▶ _Work required_
Reproduce the data below exactly. Skip the pictures.

▶ _Provided data_
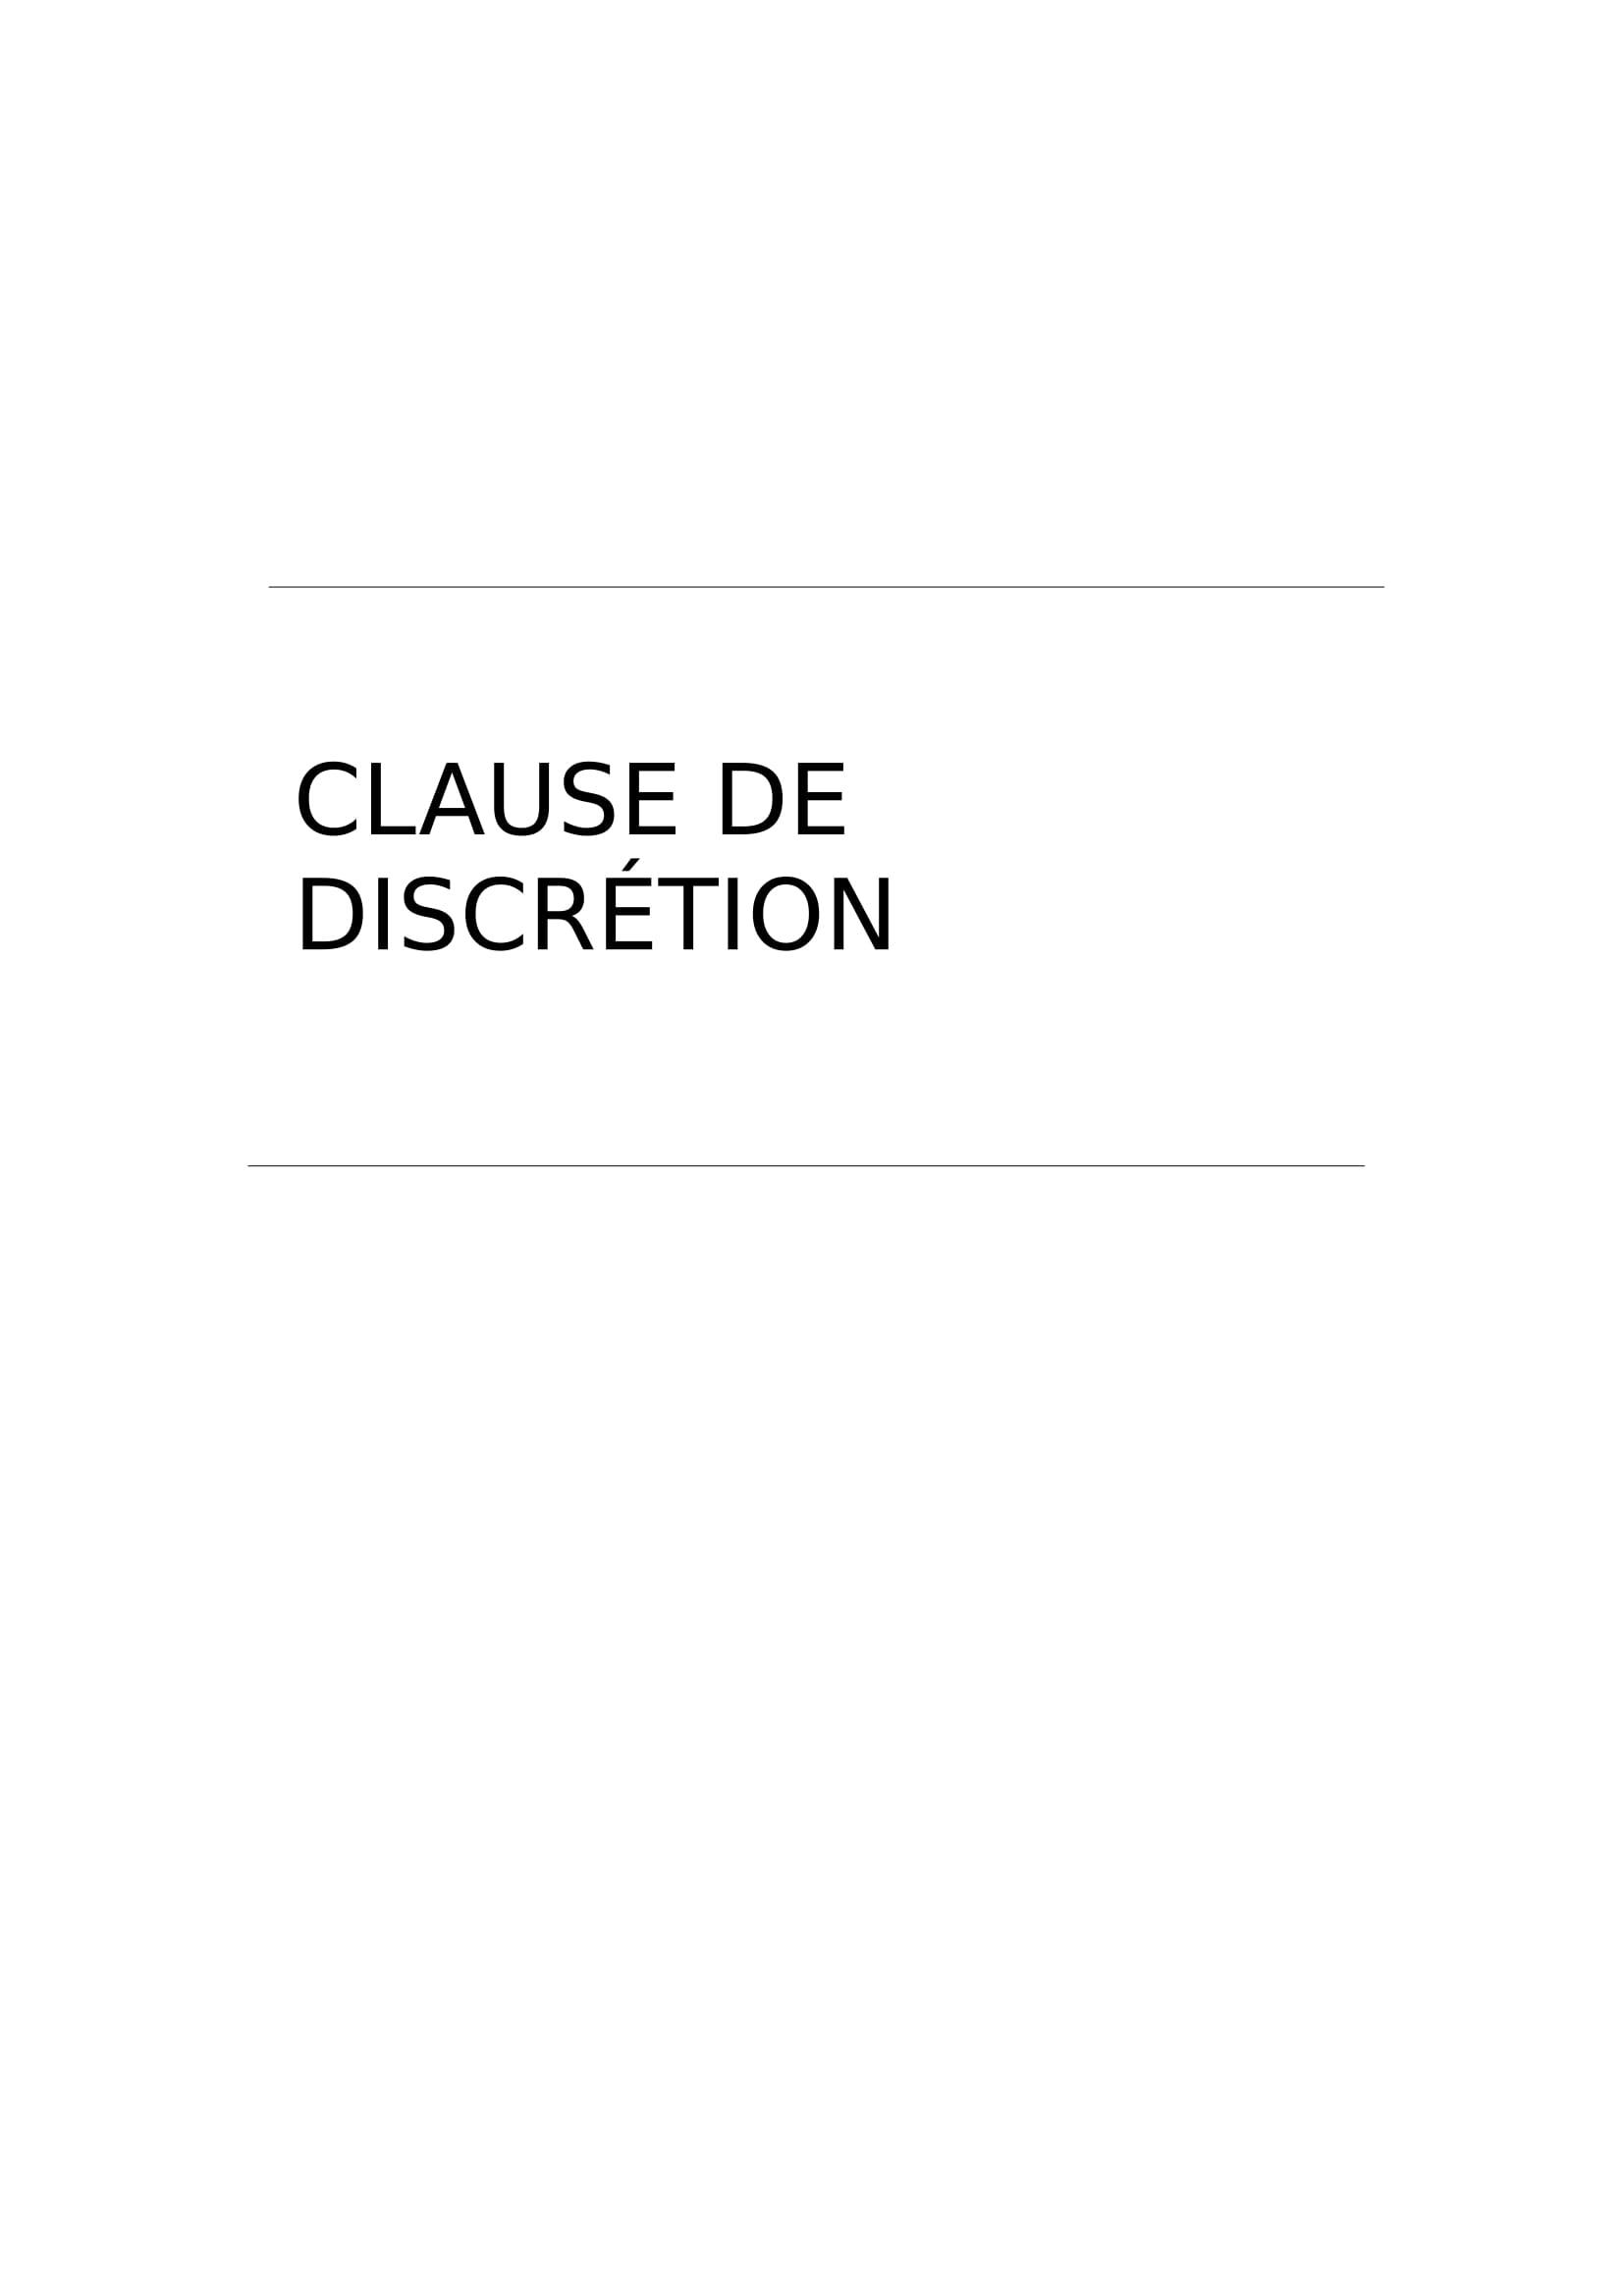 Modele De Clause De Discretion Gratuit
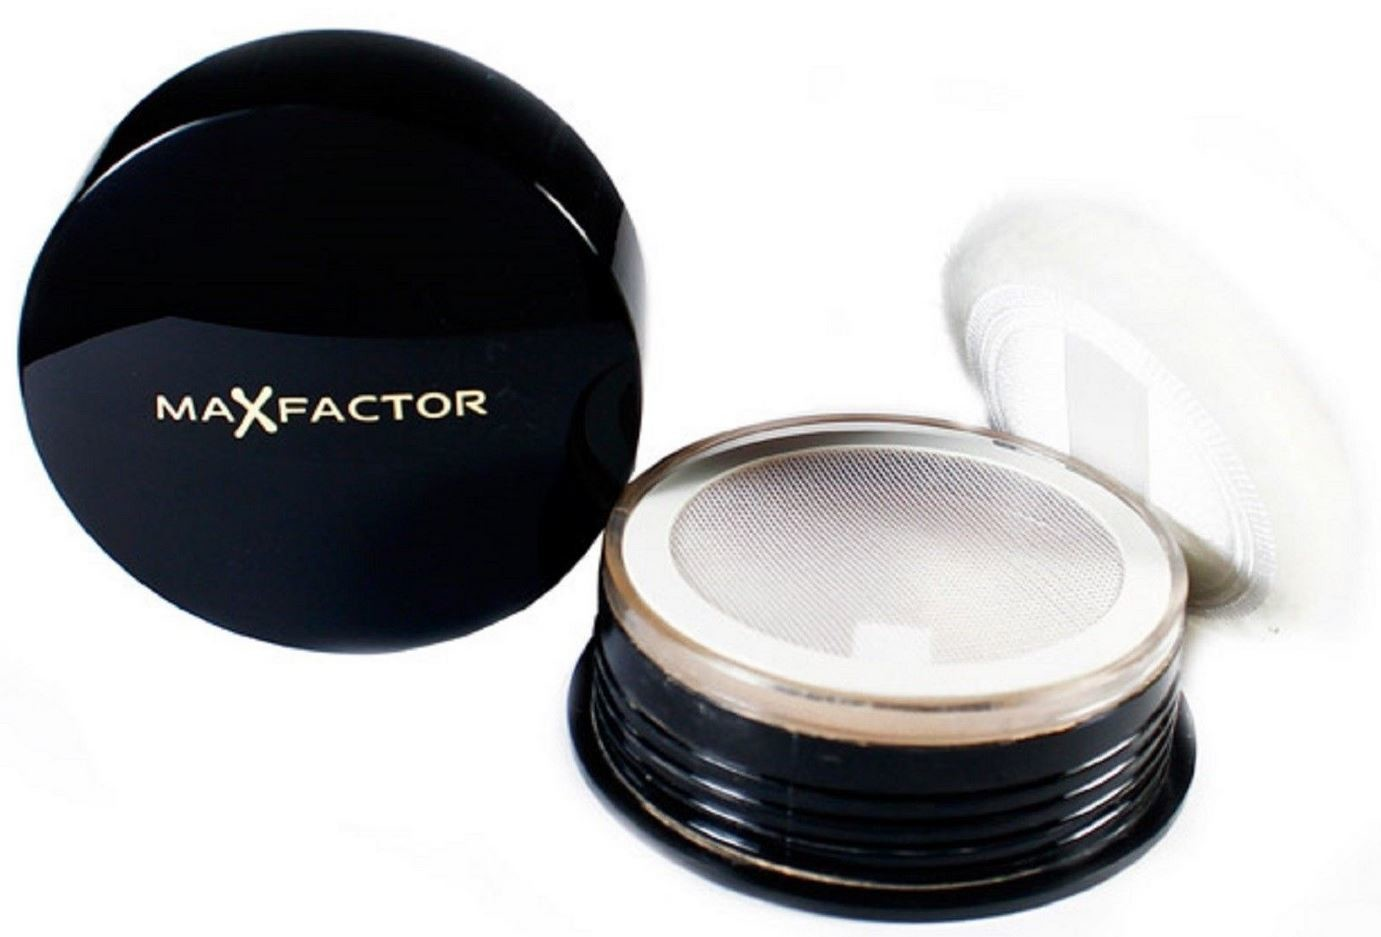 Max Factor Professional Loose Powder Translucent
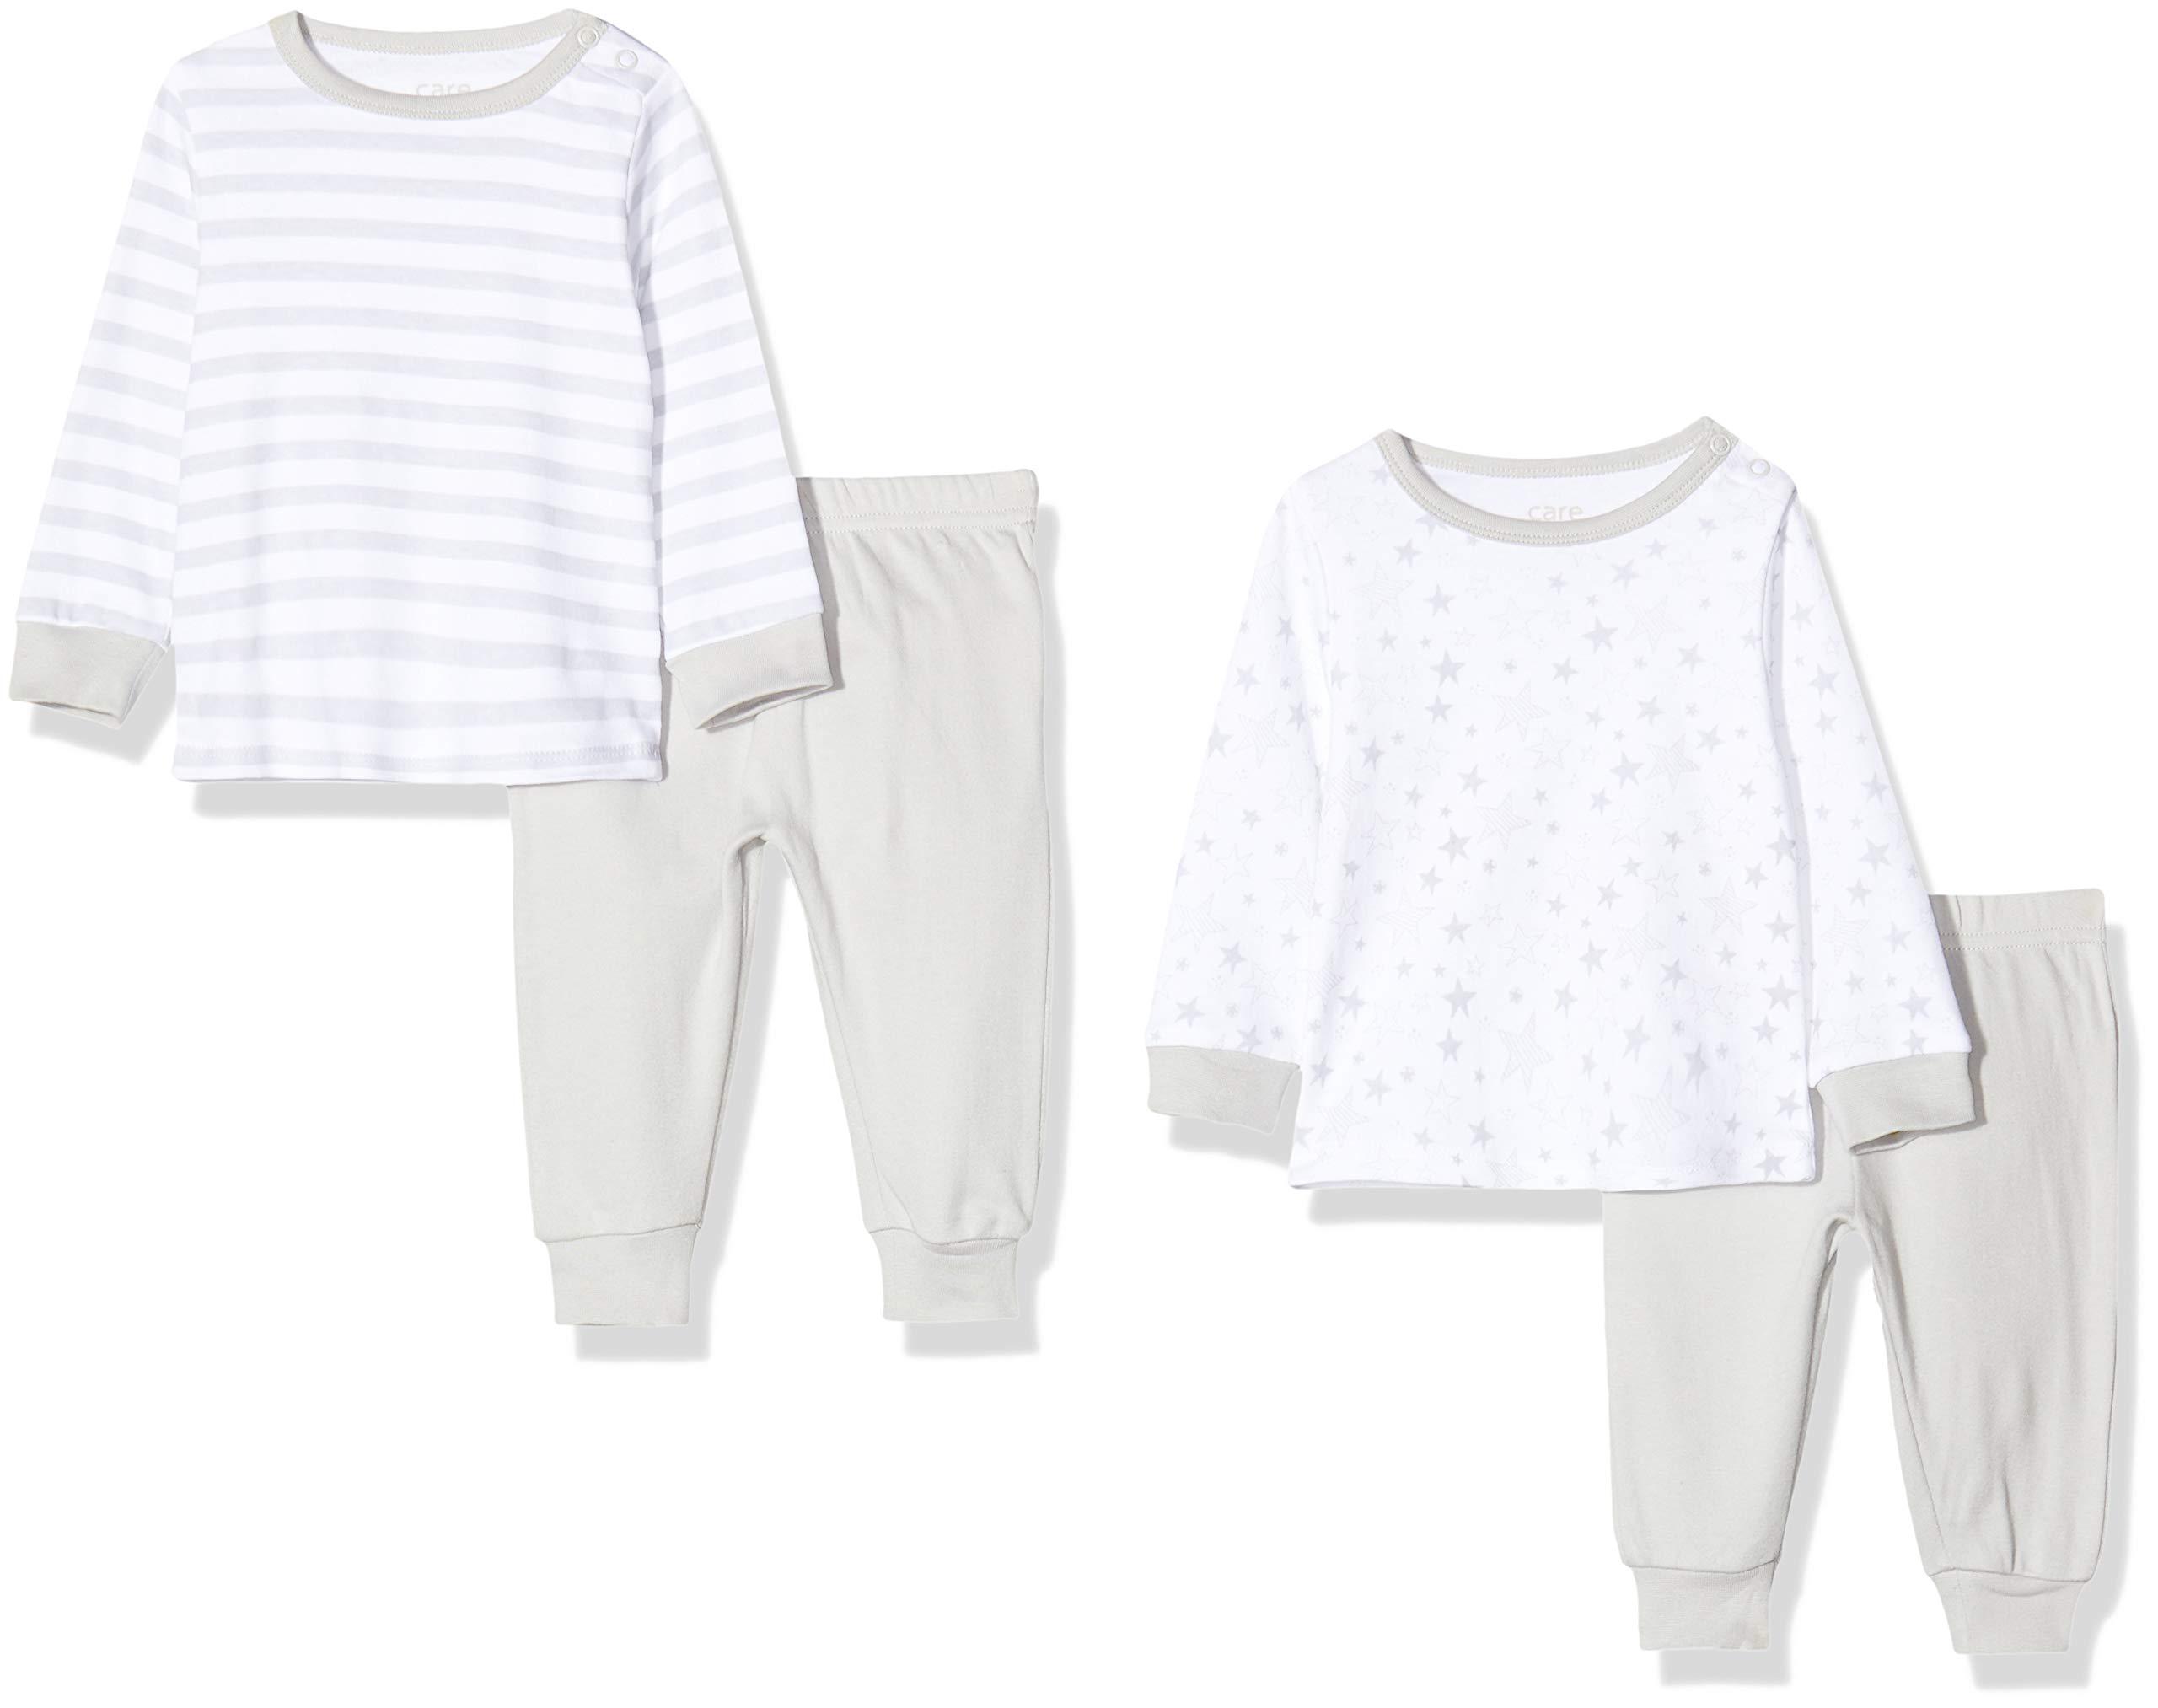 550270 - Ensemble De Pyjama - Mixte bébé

▶ _Answer to the exercise_
 Modele De Clause De Discretion Gratuit
 Max Factor Professional Loose Powder Translucent
 550270 - Ensemble De Pyjama - Mixte bébé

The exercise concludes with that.